When I was around seven years old my family was visiting
Chicago for the summer. My khala just had twins, so obviously everyone in
Chicago wanted to visit. However, the birth was complicated and my cousins were
in ICU, and my aunt was recovering. The hospital had a huge fountain that went
all the way up to the glass ceiling, the sunlight reflected on the water
creating some semblance of a rainbow in the middle of the hospital lobby.
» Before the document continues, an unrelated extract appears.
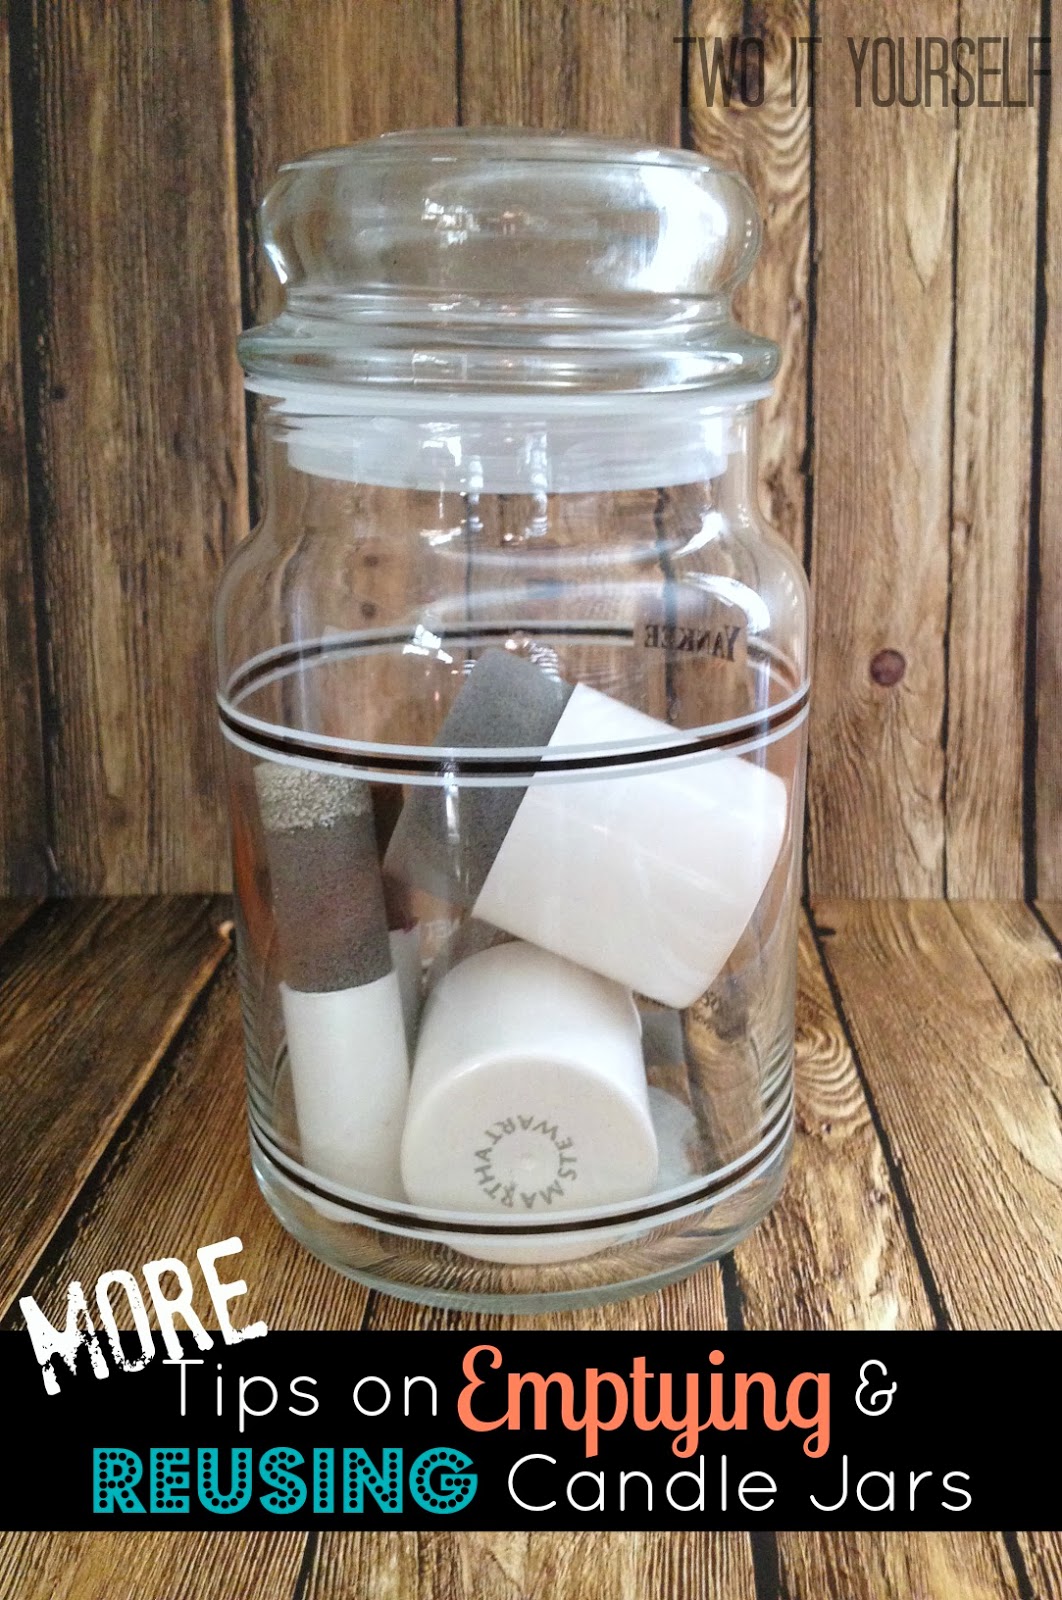 Here's What to Do With Old Candle Jars, Once All the Wax Has Melted

I can recall walking in then everything afterward is almost
a blur, and somehow I ended up being stuck in this waiting area on the prenatal
floor, with my grandpas sister-in-law. She is a emotional woman, rarely goes
anywhere without her husband, but seeing that he was awaiting a court date in
Jordan at the time, she had to adapt.
The waiting area near the reception desk had an overall beige
vibe and was poorly lit. I was shivering in my t-shirt and jeans, the AC was on
full blast to combat the sweltering heat of a Chicago summer. Nanu was
arguing with the receptionist, trying to convince the nurse on duty to allow
her to see her niece. I wasn’t paying attention to the commotion at the desk, I
was more or less focused on not freezing to death right then and there on that
plastic bench, when suddenly I hear my name being called, “Sofia! Come here and please explain to this woman that I want to see
Mahi.”
I slowly dragged myself up to my feet, my
mind dull.
Nanu then said mostly to herself, “I haven’t been able to see her, I don’t know if she’s okay, I don’t
know what’s going on!”, then to
me, “Sofia can you just tell the nurse
what I want, she wont listen to me.”
“Ahem, okay…. Ma’am I
am going to have to tell for the umpteenth time you cannot visit her right
now.” The nurse in question was looking back and forth between us two, with her
pencil thin eyebrows furrowed and her arms crossed.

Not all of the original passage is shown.